ABS seasonal adjustment update
Since my last post on the seasonal adjustment problems at the Australian Bureau of Statistics, I’ve been working closely with people within the ABS to help them resolve the problems in time for tomorrow’s release of the October unemployment figures.
Now that the ABS has put out a statement about the problem, I thought it would be useful to explain the underlying methodology for those who are interested.
The Labour Force Survey
The unemployment rate is derived from the monthly Labour Force Survey. As with all surveys, it is subject to some sampling and non-sampling error. Sampling error arises because a sample is surveyed, rather than the entire population. Non-sampling error arises through inaccuracies in the way the data are collected, recorded or processed.
There are several potential non-sampling effects that could affect the results including (but not limited to):
- the dates on which the survey is conducted within each month (especially in December and January);
- the asking of supplementary survey questions for some respondents;
- the introduction or modification of supplementary surveys;
- the revision of the wording of some questions;
- the number of questions that are asked.
The seasonal adjustment problems observed in published ABS Labour Force statistics over the last few months are a result of not adequately taking account of the non-sampling errors in the LFS, especially the effect of changes in supplementary surveys.
Of particular interest were changes that occurred in February and August 2014 as explained here. In both cases, several supplementary surveys were combined into one survey, and some other supplementary surveys were ceased. Whenever such changes occur, there are biases introduced. Unfortunately, the ABS has not been removing the effect of these biases when seasonally adjusting the employment data.
The ABS seasonal adjustment method
The seasonal adjustment method used by the ABS is based on RegARIMA models with X-12-ARIMA (Findley et al., 1998).
Let y_1,\dots,y_T be a monthly series of employment data (e.g., the total number of females aged 15-19 who are employed full time). This is first modelled using a RegARIMA model given by \log(y_t) = \boldsymbol{X}_t\boldsymbol{\beta} + z_t where \boldsymbol{\beta} is a vector of coefficients, \boldsymbol{X}_t is a matrix of regressors and z_t is a seasonal ARIMA process. In general, the regressors may include trading day and holiday or calendar effects, additive outliers, level shifts, and so on.
Once the coefficients \boldsymbol{\beta} have been estimated, an adjusted series is computed: y_t^* = y_t \exp(-\boldsymbol{X}_t\hat{\boldsymbol{\beta}}).
The underlying seasonal adjustment model is given by y_t^* = f_t s_t e_t, where
- f_t represents a smooth trend that changes slowly over time. It includes movements and cycles that last longer than one year.
- s_t represents the seasonal indexes that are centred around 1 and describe any regular seasonal patterns in the data. They are assumed to be relatively stable, so that the values do not change much (in size or sign) from year to year.
- e_t denotes the irregular component which contains anything not included in the trend and seasonal components. This can include outliers and noise, and is inherently unpredictable.

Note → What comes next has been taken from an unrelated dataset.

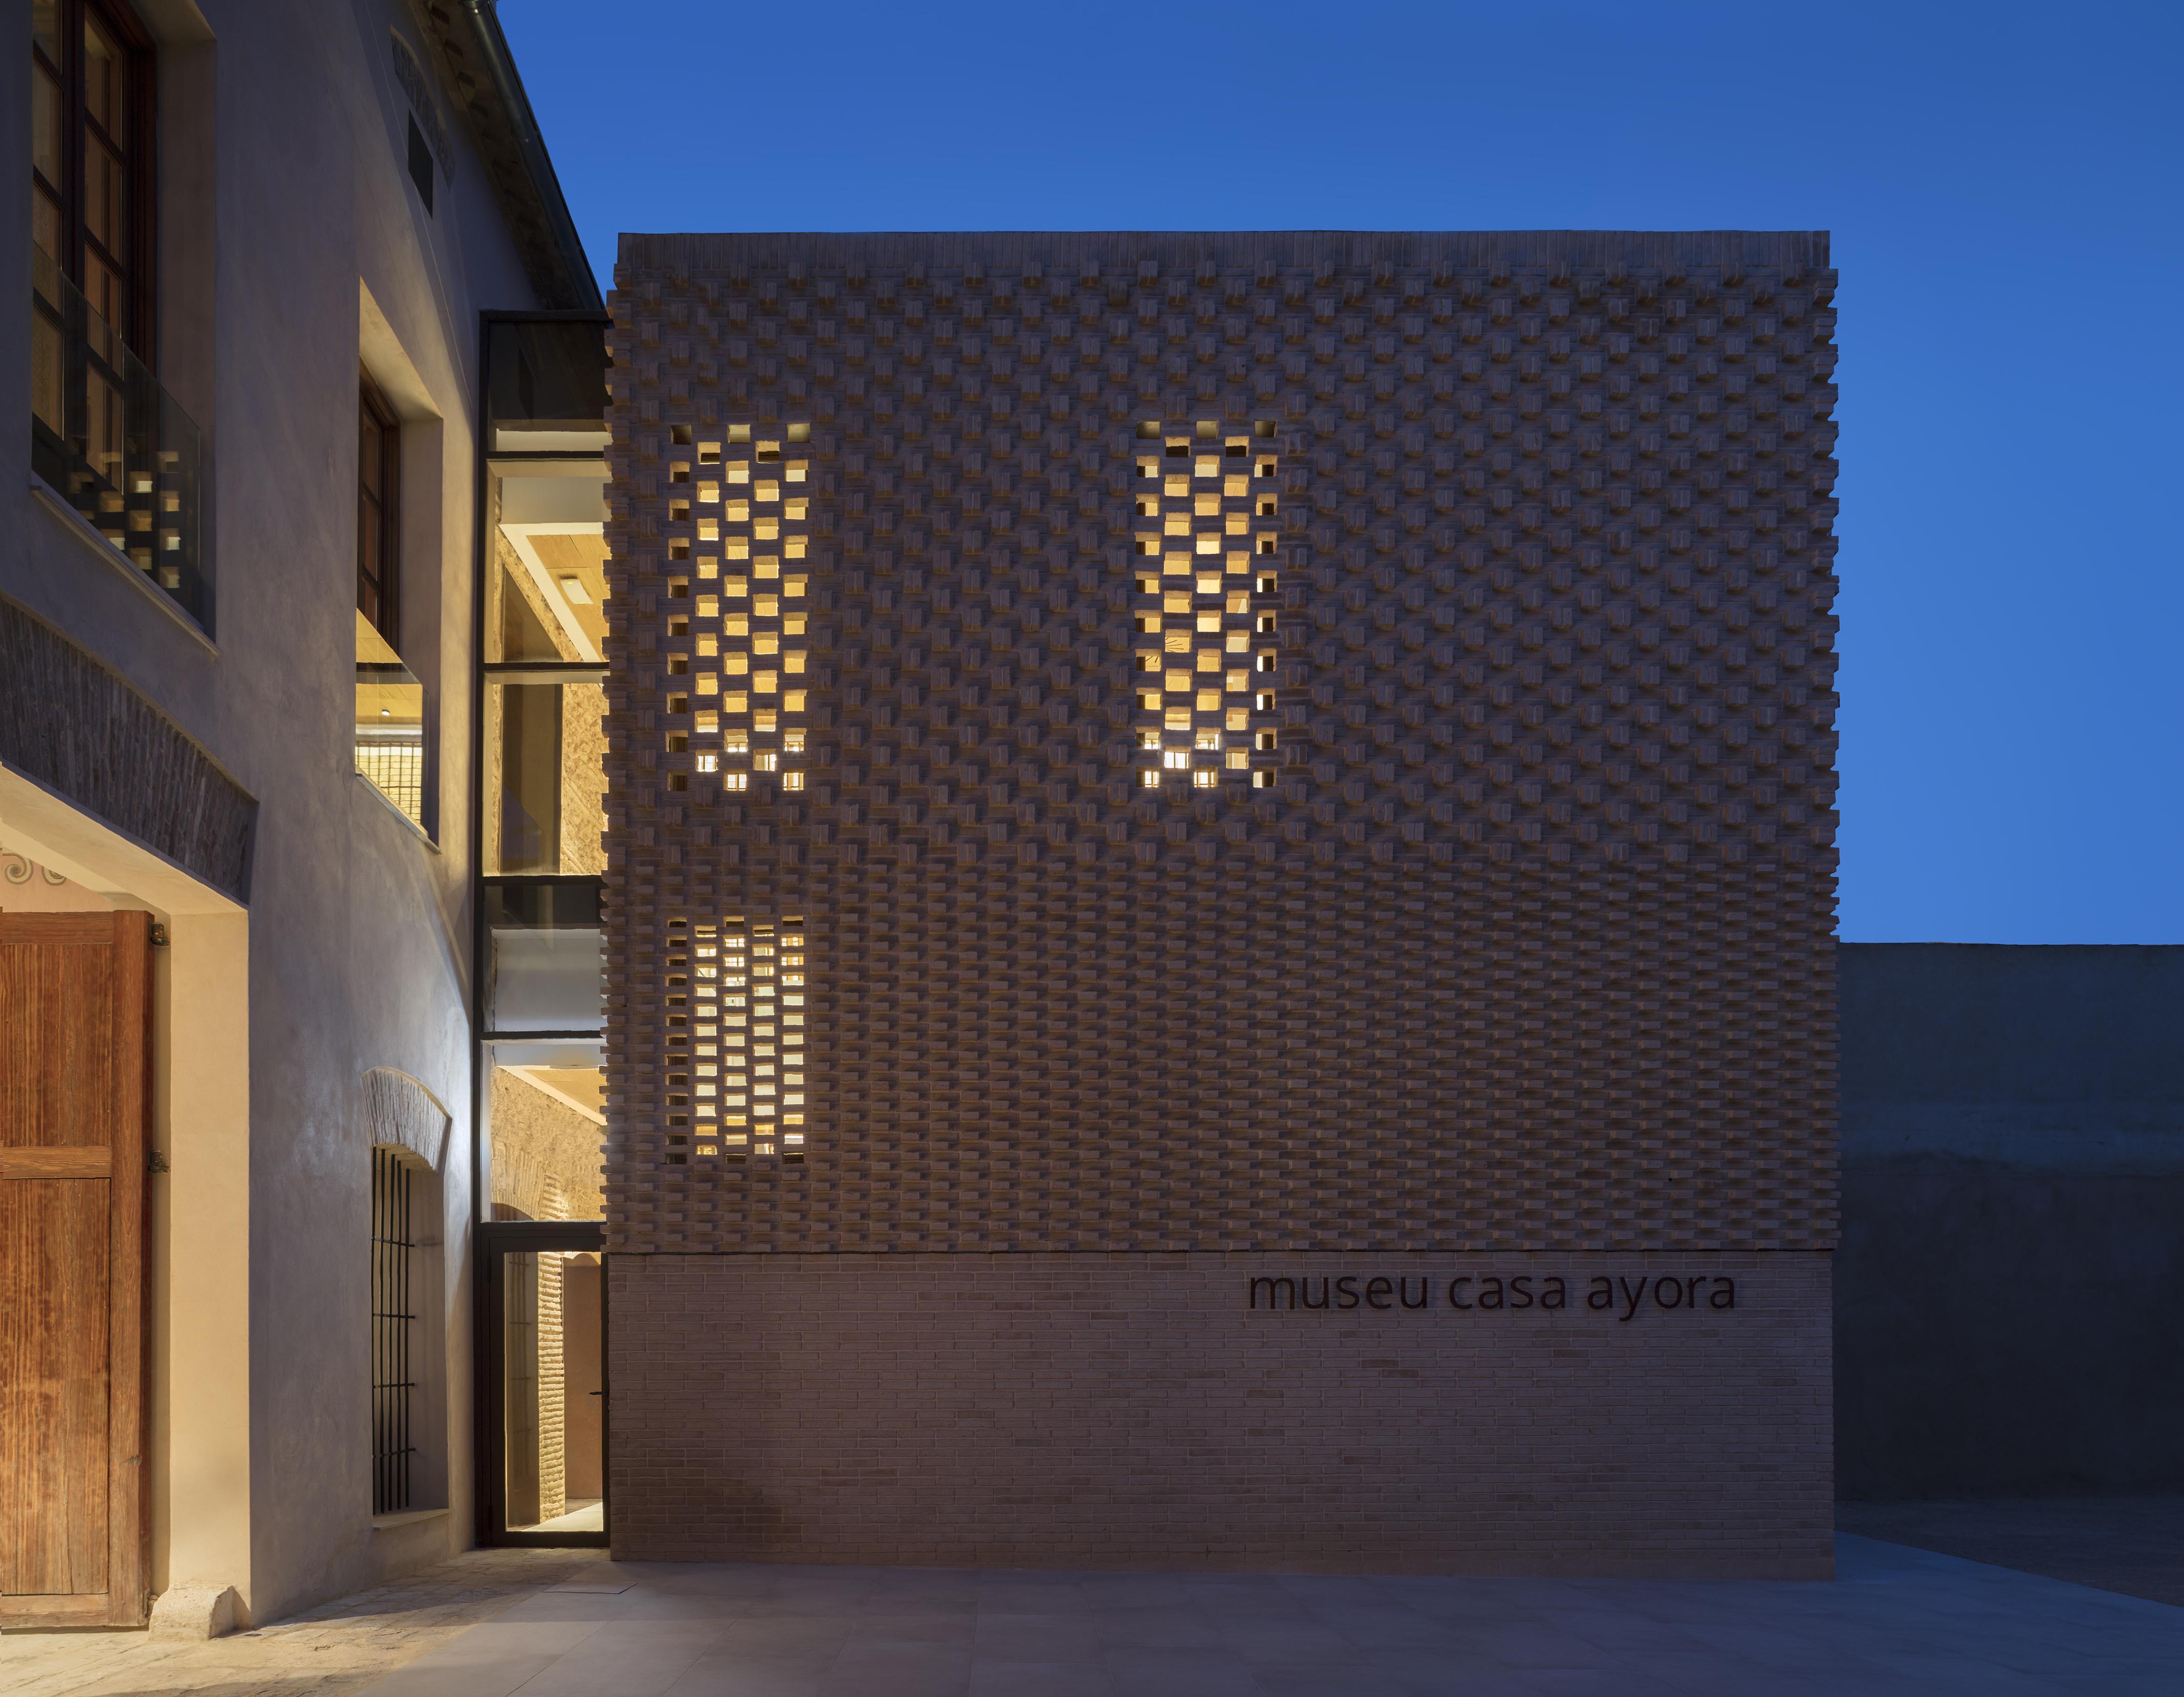 14B Museu Casa Ayora ©Milena Villalba 2020

The three components are calculated using the X-12-ARIMA procedure (Findley et al., 1998). The seasonally adjusted data is then given by y_t^a = y_t^* / s_t.
In the new seasonal adjustment method, the same modelling framework will be used, but some additional regressors are to be included in (1). These are all indicator variables relating to the introduction or modification of supplementary surveys. In this way, any biases associated with changes to supplementary surveys will be explicitly removed from the data prior to the seasonal adjustment process.
According to yesterday’s ABS press release, this has resulted in an increase in the estimate of the unemployment rate.
Foresight and hindsight
If you poke around the ABS website, you might discover that this change was proposed 12 years ago but had never been implemented until this week.